During our experiment, the corner (root) of the fillet joint was configured as an originating point of the positions of both electrodes. The x-axis was set to the main plate direction and the z-axis was set to the web plate direction based on the originating point. The y-axis was automatically decided by the dexterous rule.

After performing welding, specimens with a thickness of 10 mm were cut in half in the y-axis direction to observe the bead and penetration shape. Each specimen was etched by 5% Nital solution and measured using an optical microscope. As shown in Figure 2, the vertical and horizontal leg lengths and penetrations, penetration beyond the root (PBR), convexity, and area of penetration are quantified for the modeling of the welding process.

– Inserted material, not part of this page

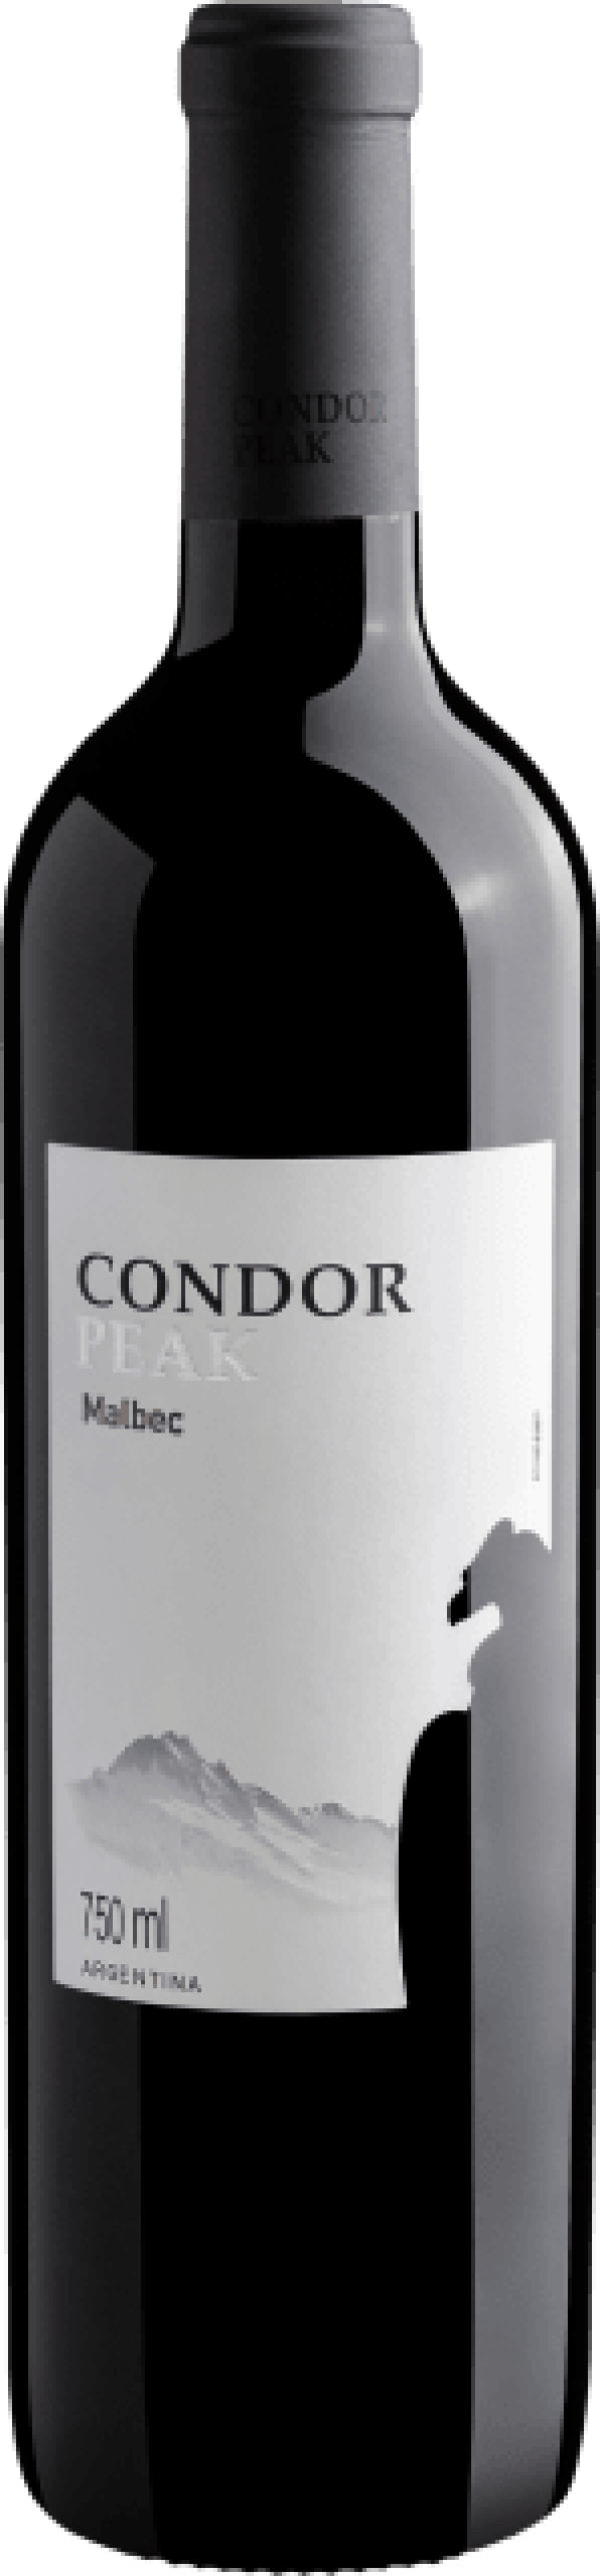 Condor Peak Malbec 2019

2.2. Effects of Process Parameters on the Penetration Shape

Table 2 presents the experimental process parameters and their corresponding measurements of the penetration shape. The values in Table 2 are mean values for five experiments. The standard deviations are indicated in parentheses. The main process parameters considered in the experiments were the current of the leading, trailing electrodes, and filler-wire, the voltage of the leading and trailing electrodes, the distance between the leading and trailing electrodes, and the position of the electrodes. Here, each capital character L, T, and F mean leading, trailing, and filler-wire, and subscripting character c and v each indicate the current and voltage. Each parameter was categorized into 5 levels and the remaining parameters, except the target control parameter, were fixed to the mid-range values. Then, after the welding experiment, as shown in Figure 3, the macro specimen was investigated to measure the penetration shape. Here, P, L, and C each indicate penetration, leg length, and convexity, and subscription v and h each mean vertical and horizontal direction. In position 1 and 2, the leading electrode was located 2 mm and 1 mm away from the root in the x direction, and in position 4 and 5, the leading electrode was located 1 mm and 2 mm away from the root in the z direction. (The trailing electrode was located symmetrically with the leading electrode.) Additionally, in position 3, both electrodes were fed to the root. The experimental results are further investigated with the ANOVA-GPR modeling method in the following section.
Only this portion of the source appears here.